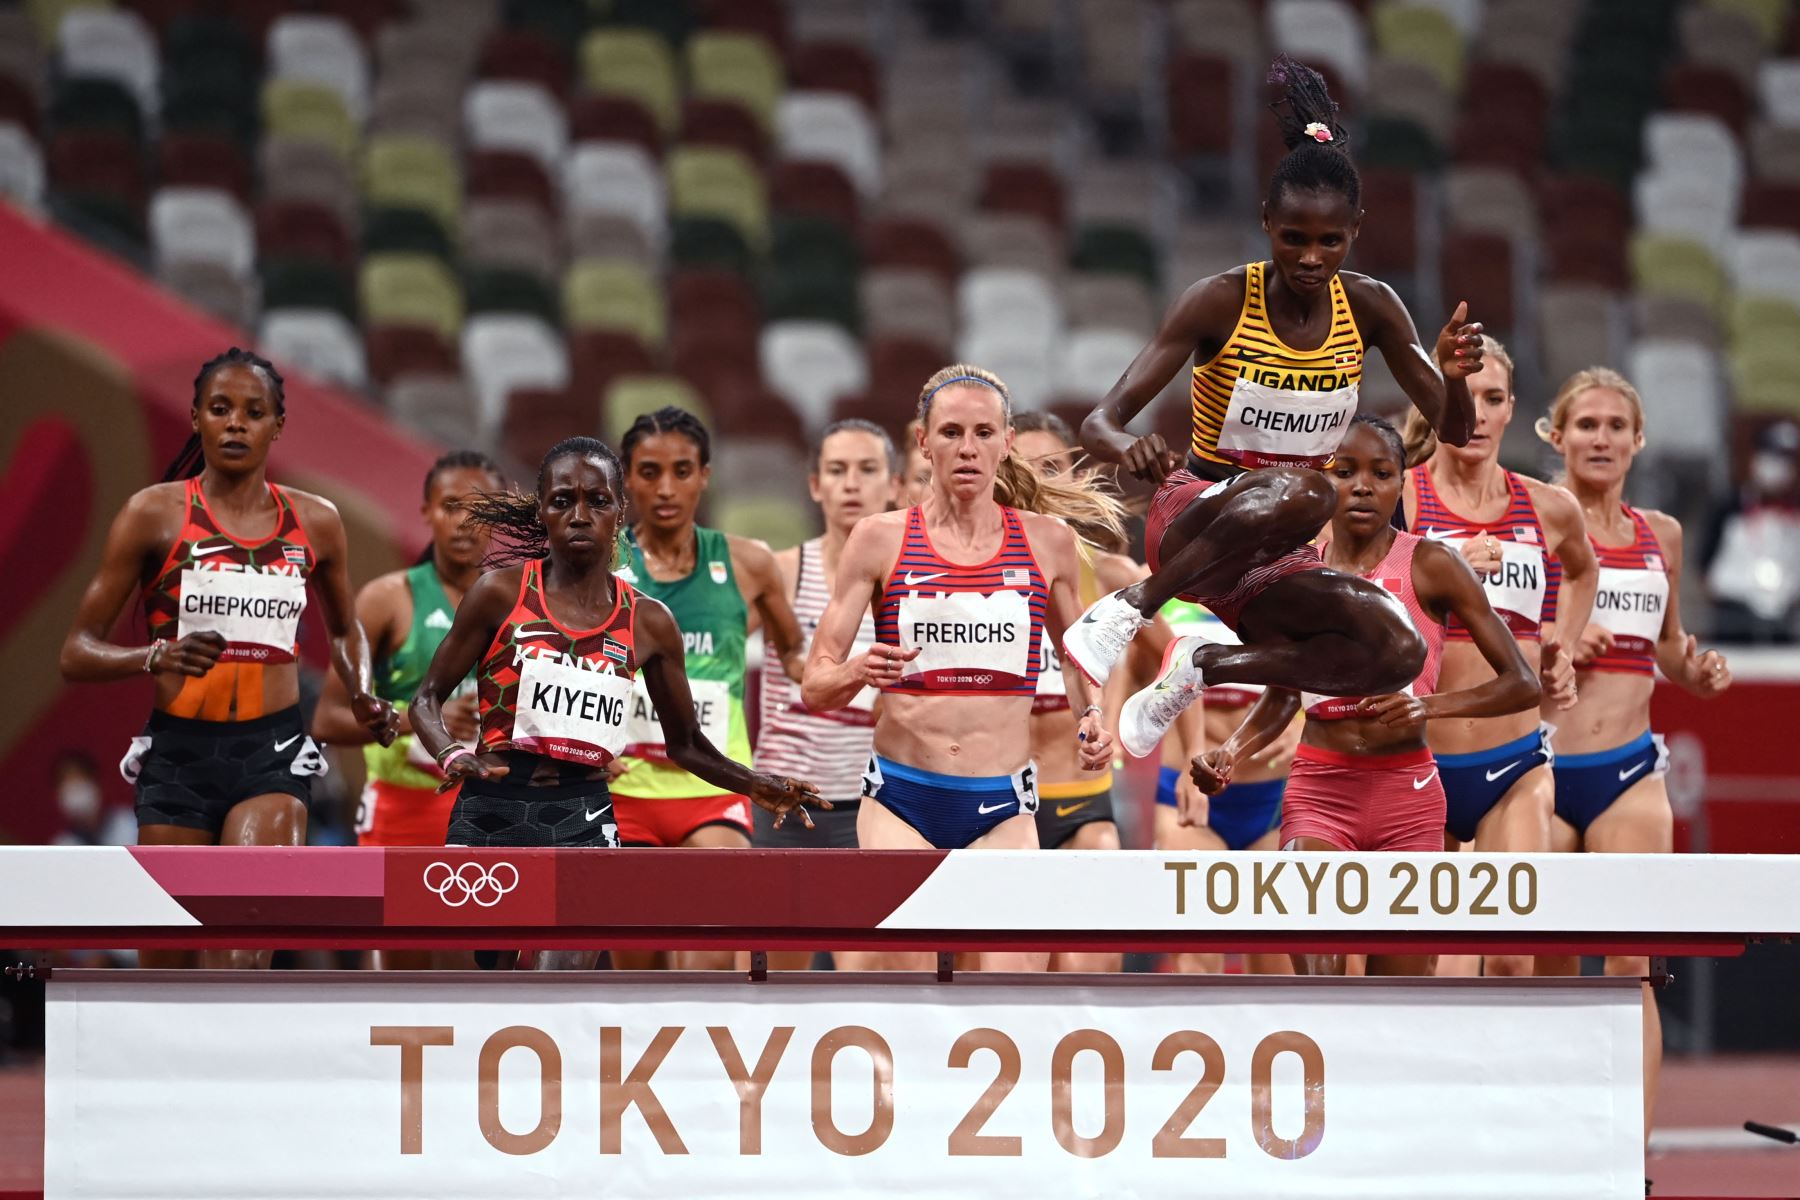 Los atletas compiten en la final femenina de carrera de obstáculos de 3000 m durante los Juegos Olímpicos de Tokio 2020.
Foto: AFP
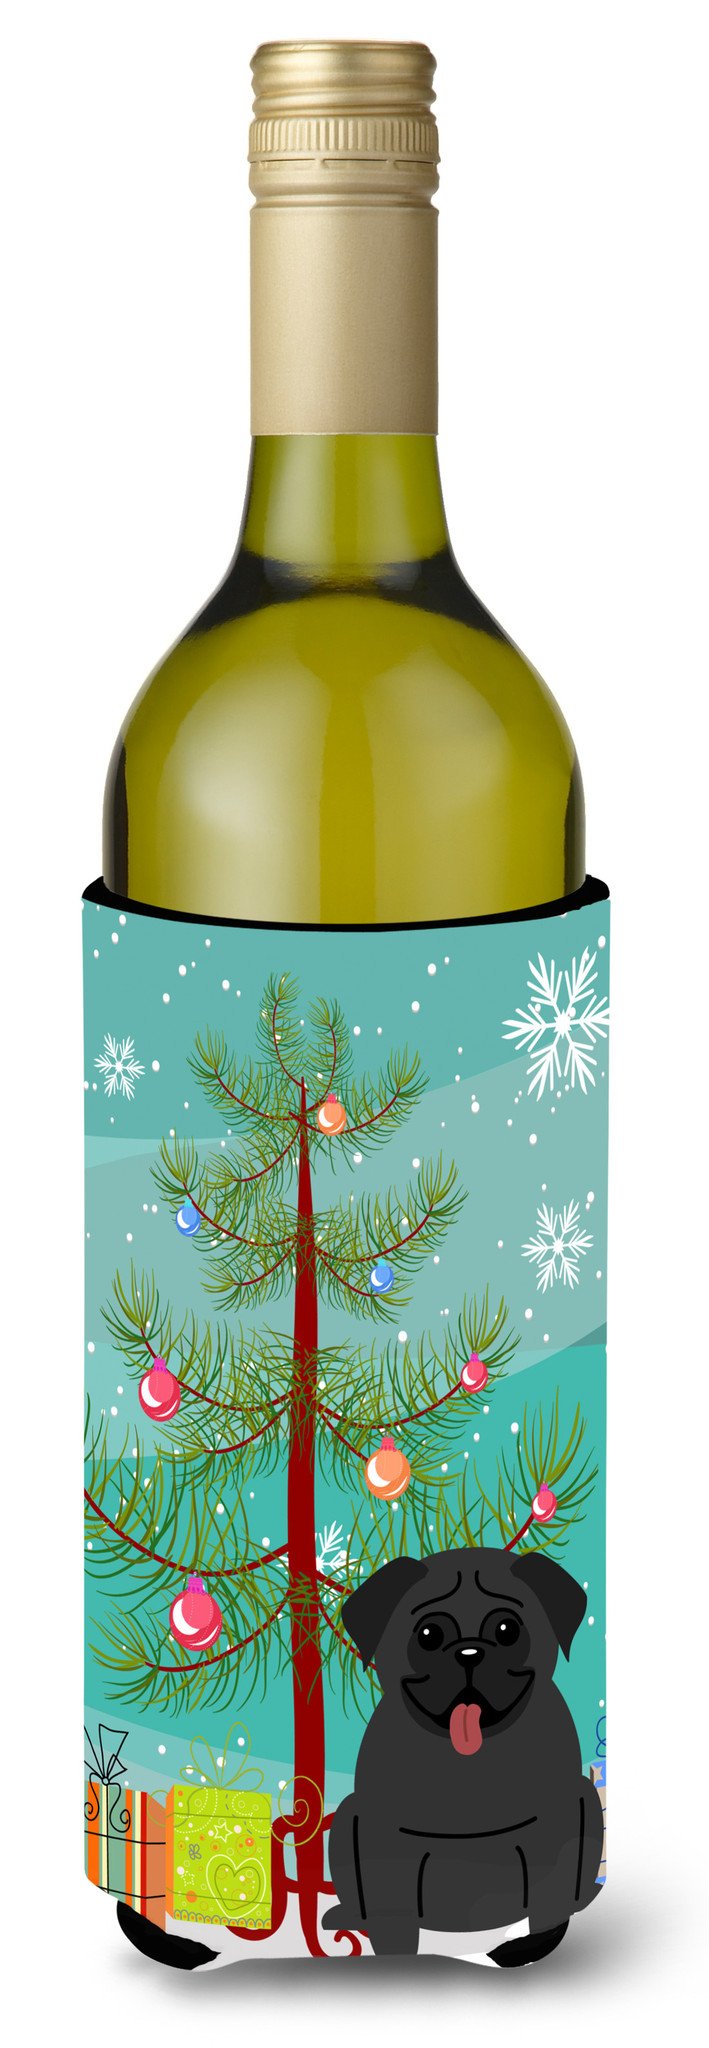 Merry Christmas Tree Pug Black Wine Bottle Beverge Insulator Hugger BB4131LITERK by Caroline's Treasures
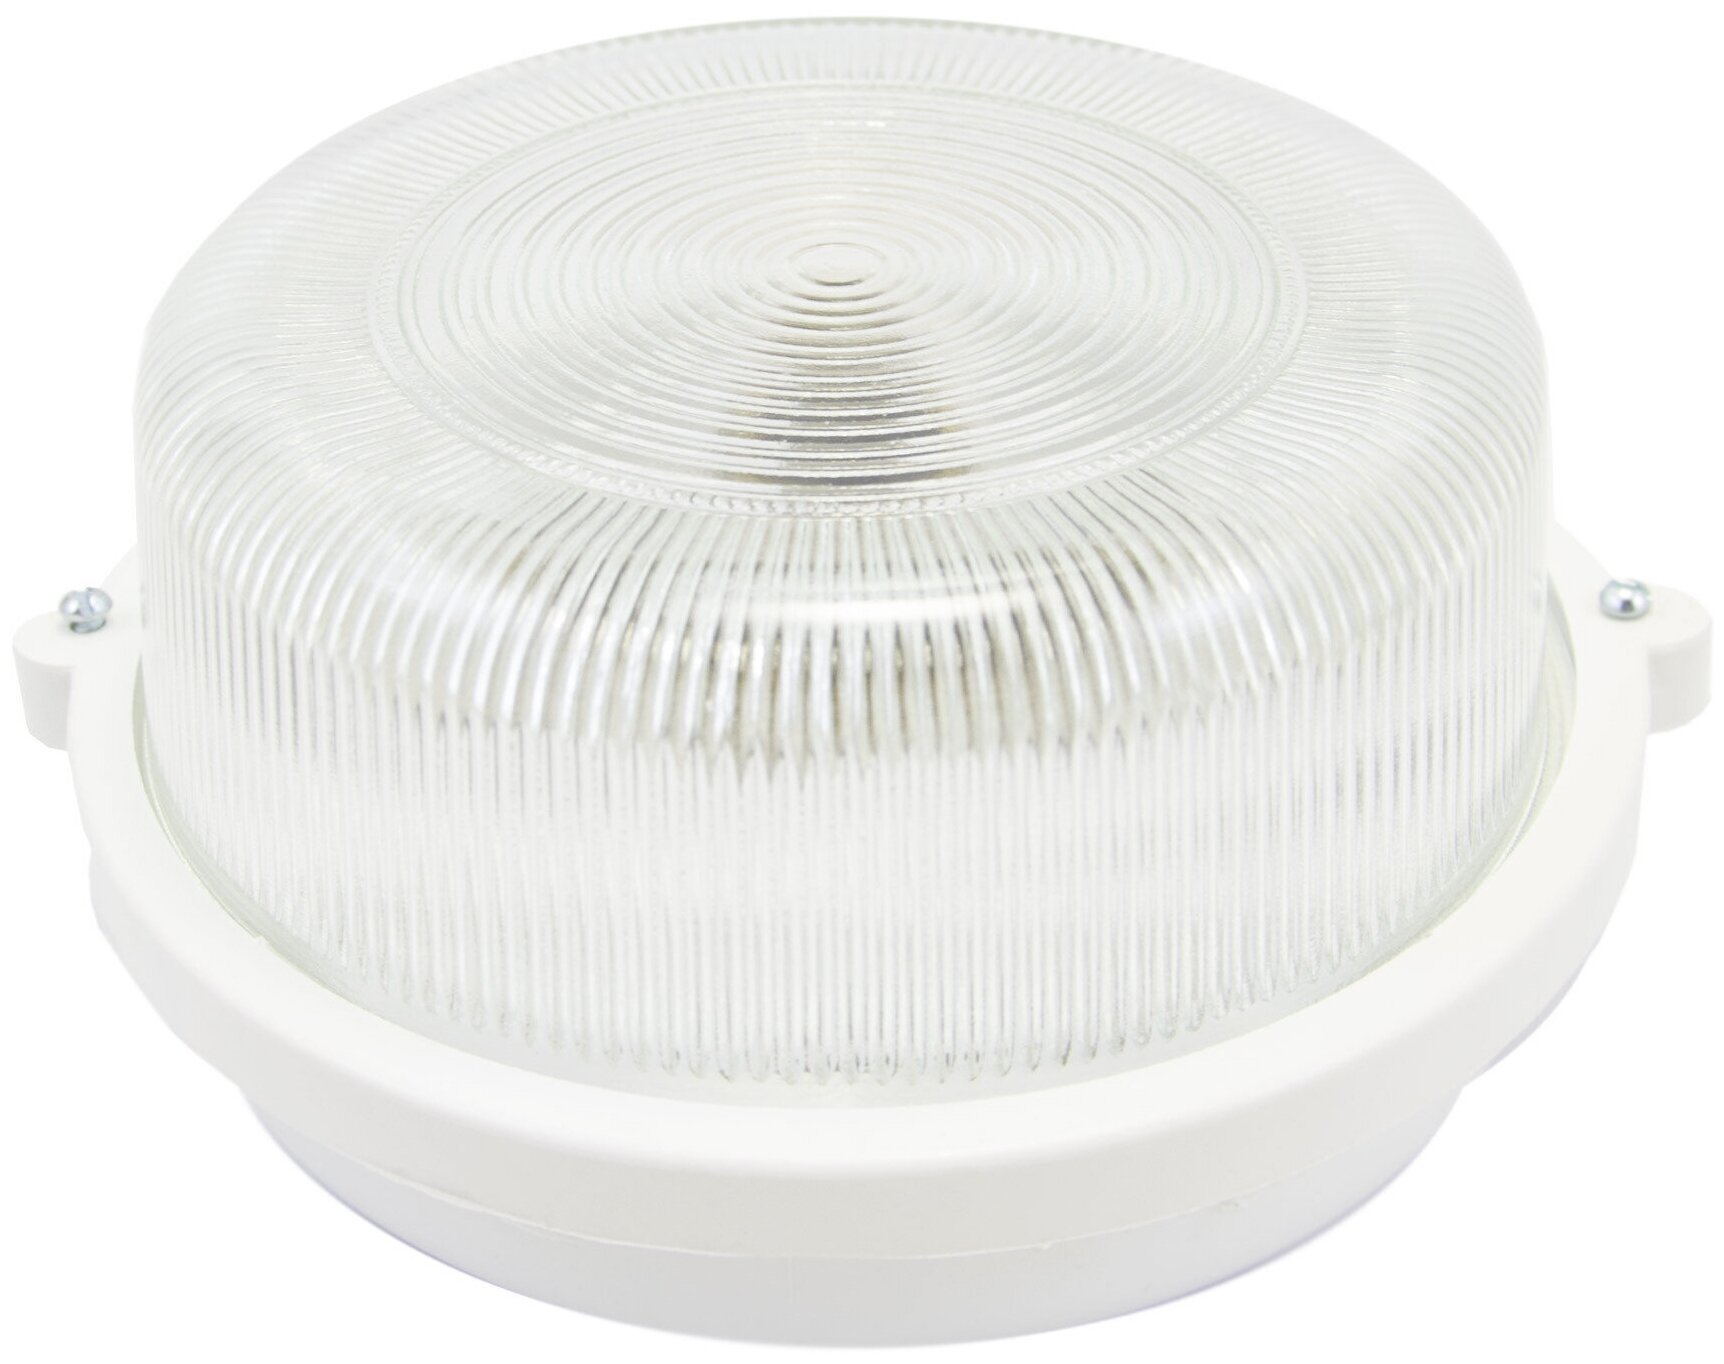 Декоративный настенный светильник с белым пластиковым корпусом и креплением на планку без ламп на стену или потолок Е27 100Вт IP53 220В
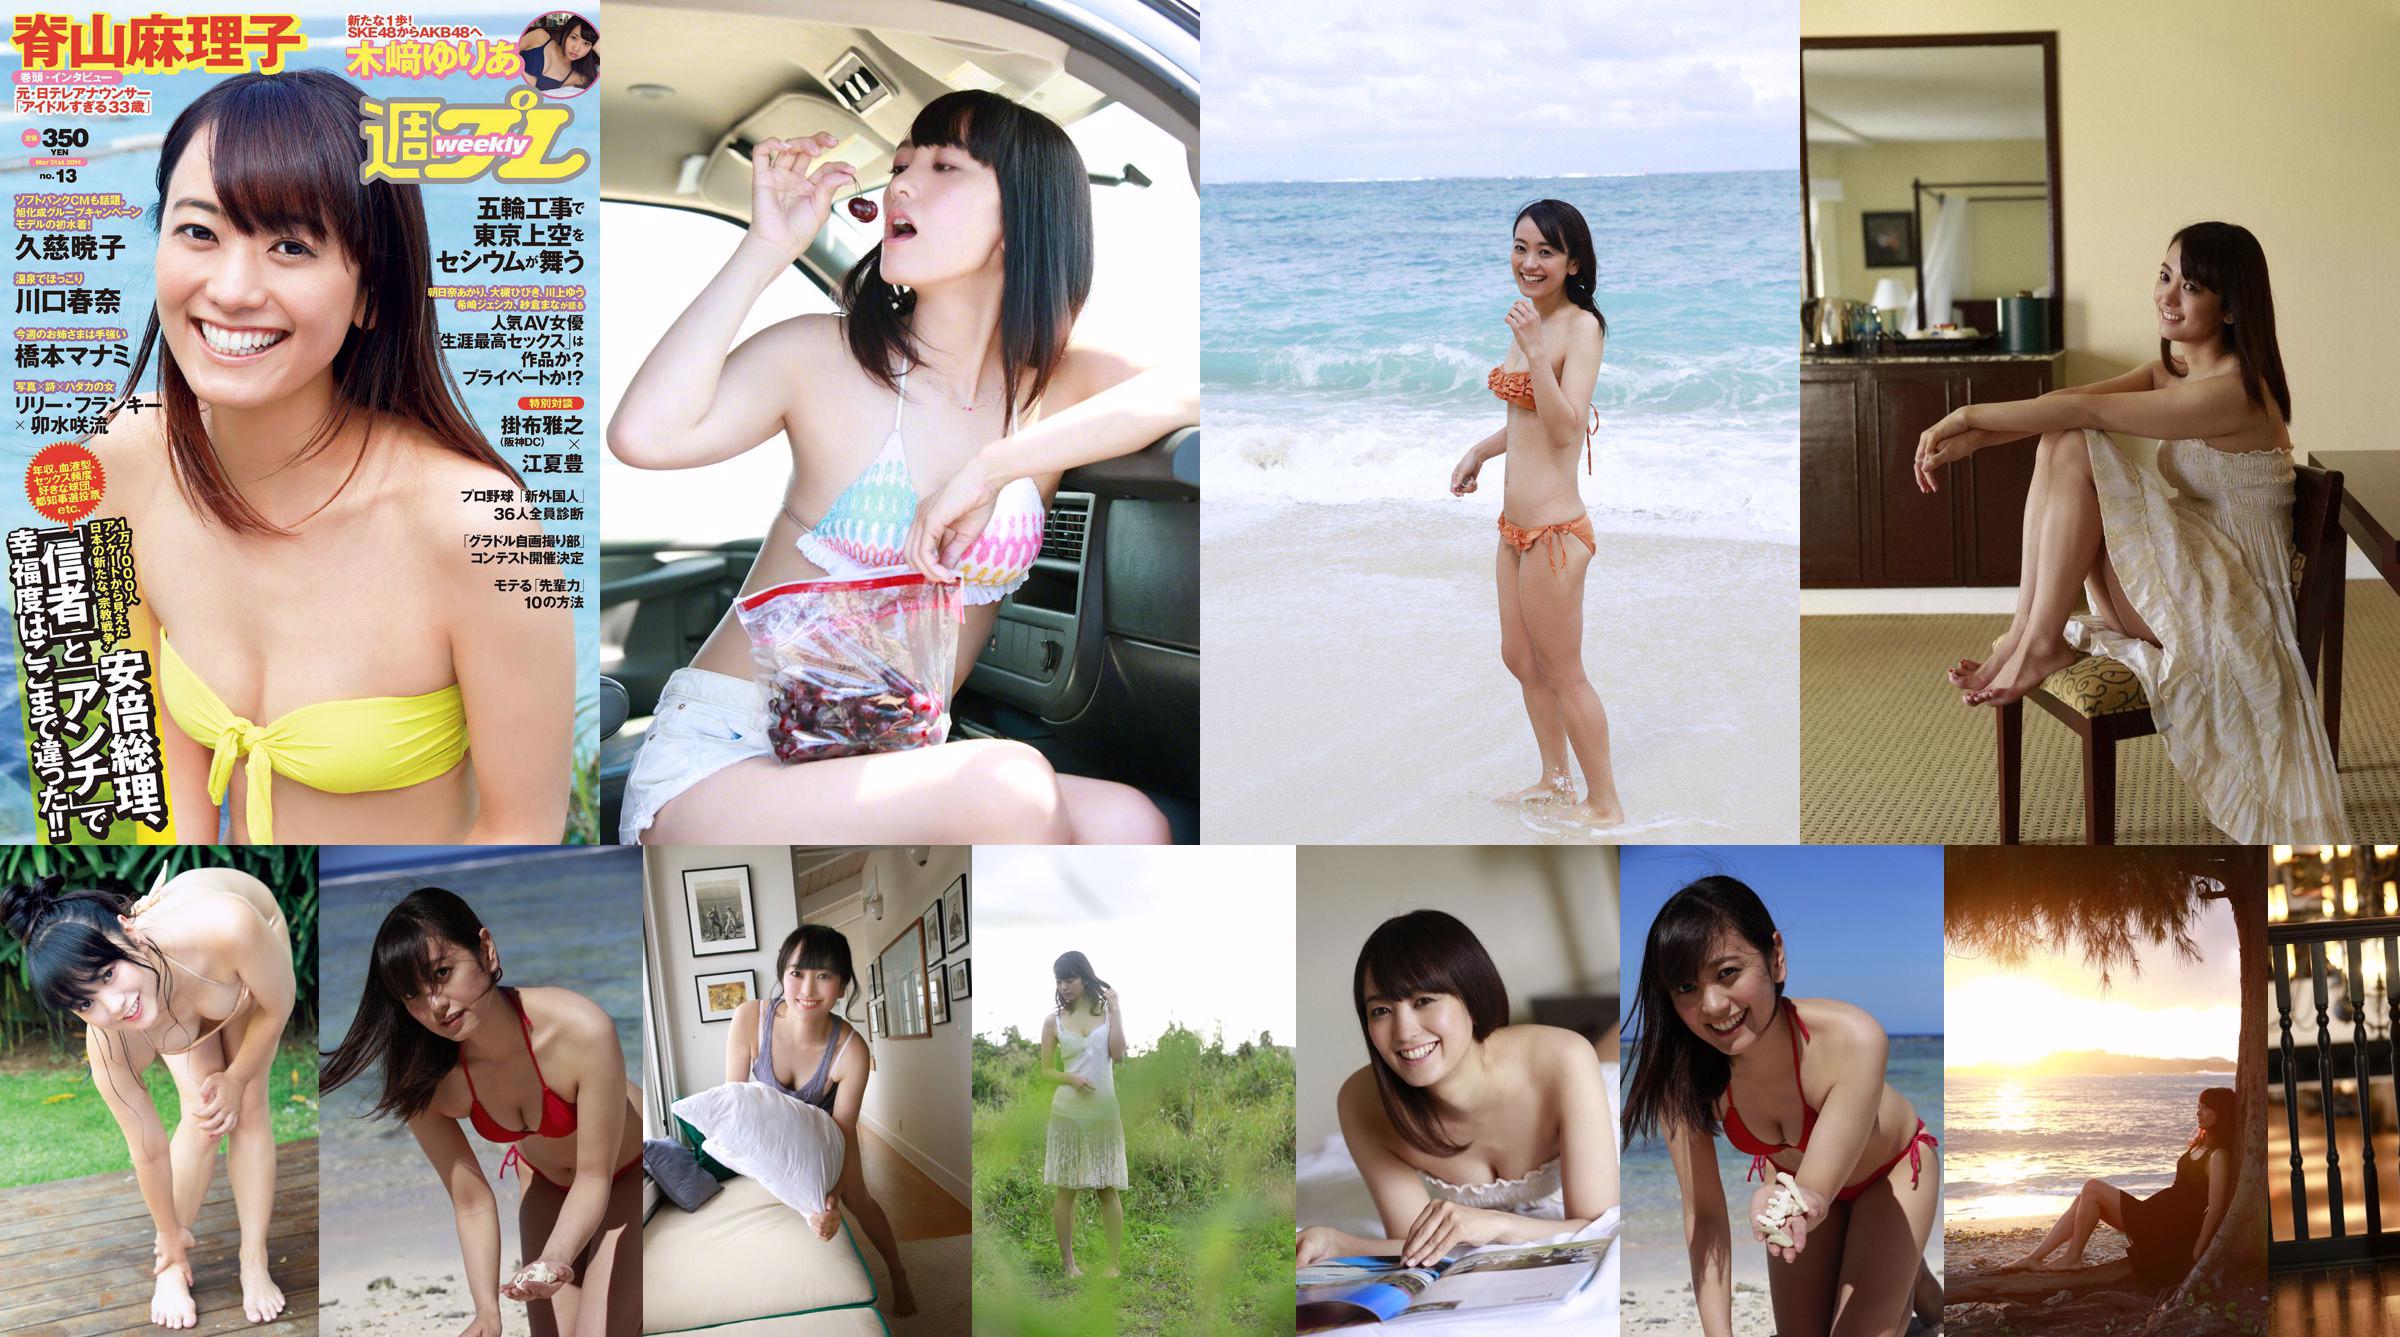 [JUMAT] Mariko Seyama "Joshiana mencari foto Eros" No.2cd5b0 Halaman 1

----------

WHAT YOU SHOULD DO =>
What is needed is every record above printed exactly, with no pictures.

COMPLETED TASK =>
 Los atletas compiten en la final femenina de carrera de obstáculos de 3000 m durante los Juegos Olímpicos de Tokio 2020.
Foto: AFP
 Merry Christmas Tree Pug Black Wine Bottle Beverge Insulator Hugger BB4131LITERK by Caroline's Treasures
 Декоративный настенный светильник с белым пластиковым корпусом и креплением на планку без ламп на стену или потолок Е27 100Вт IP53 220В
 [JUMAT] Mariko Seyama "Joshiana mencari foto Eros" No.2cd5b0 Halaman 1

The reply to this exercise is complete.